Solidarität und politisches Engagement
Dieses Arrangement hat auch den Vorteil, dass es ein Sicherheitsnetz gibt. Fällt zum Beispiel jemand aus gesundheitlichen Gründen aus, kann die Genossenschaft einspringen.
Auch finanziell ist man so flexibel. Es gibt keine fixen Löhne. Die Genossenschaft gibt ein Angebot ab und behält einen kleinen Prozentsatz für sich. Der Rest geht an die am Projekt beteiligten Genossenschafter. Was nicht erlaubt ist, ist Angestellte aus einer der angeschlossenen Kleinfirmen möglichst billig auf Projekte zu bringen. «Das ist ein No-Go.»
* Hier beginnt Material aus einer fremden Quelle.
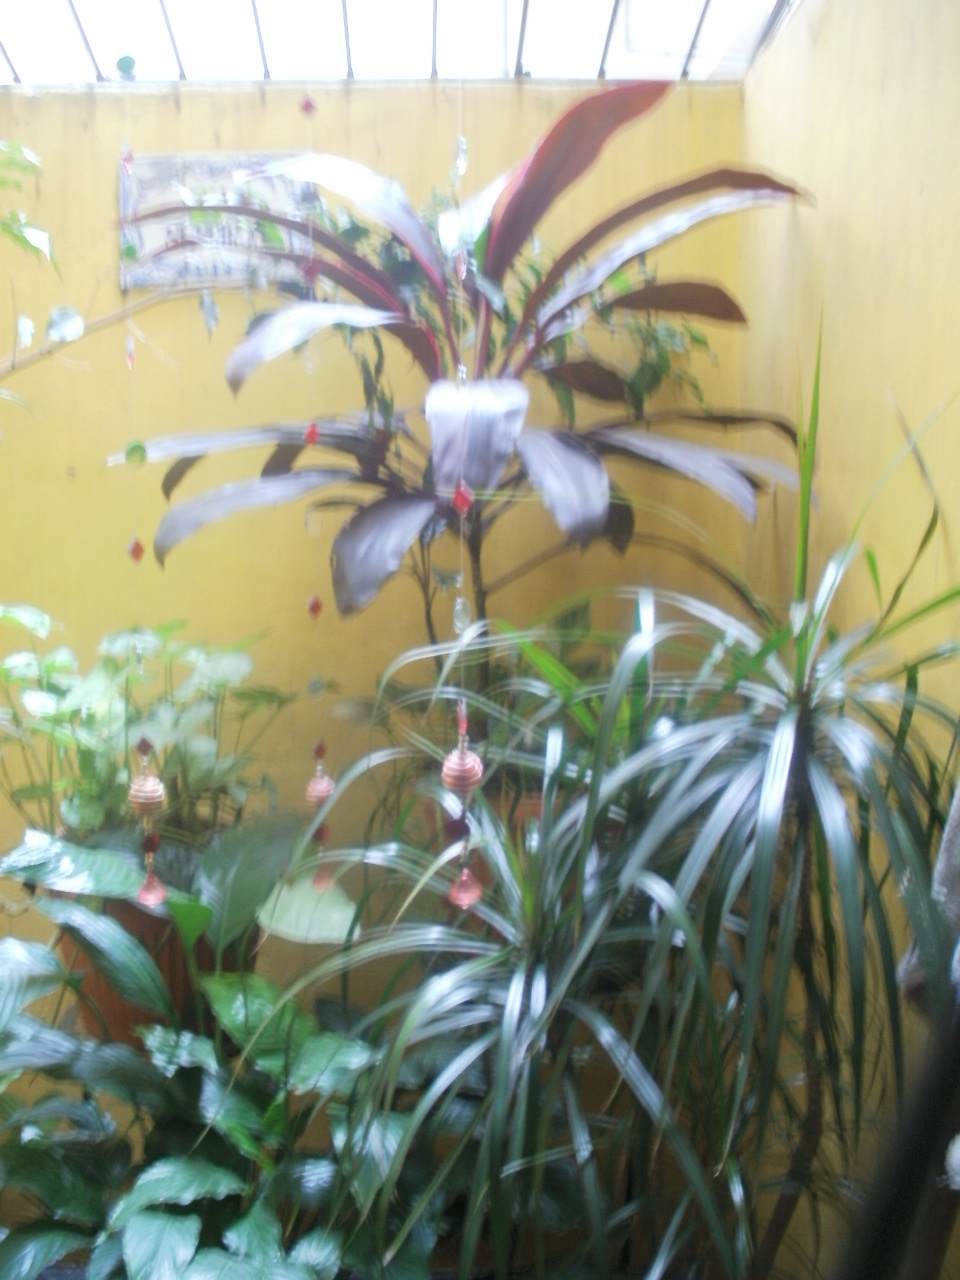 Adri jardineria cuidado de plantas de interior - Cuidados plantas interior ...

Spannend dürfte es mit dem weiteren Wachstum werden – denn wie die Genossenschaft im IT-Umfeld skaliert, gilt es noch herauszufinden. Bisher scheint das Experiment ein Erfolg zu sein. «Neben den bereits angesprochenen Werten wie Demokratie und Solidarität ist es auch ein einfaches Modell. Unsere Statuten passen auf wenige Seiten», erklärt Diego Adolf. Damit bleibt auch mehr Raum für das Leben ausserhalb des Berufs. «Die Genossenschaft ermöglicht auch Platz für politisches Engagement, für Hobbies und die Familie.» Kein Wunder passt die Genossenschaft so gut zum Land der direkten Demokratie.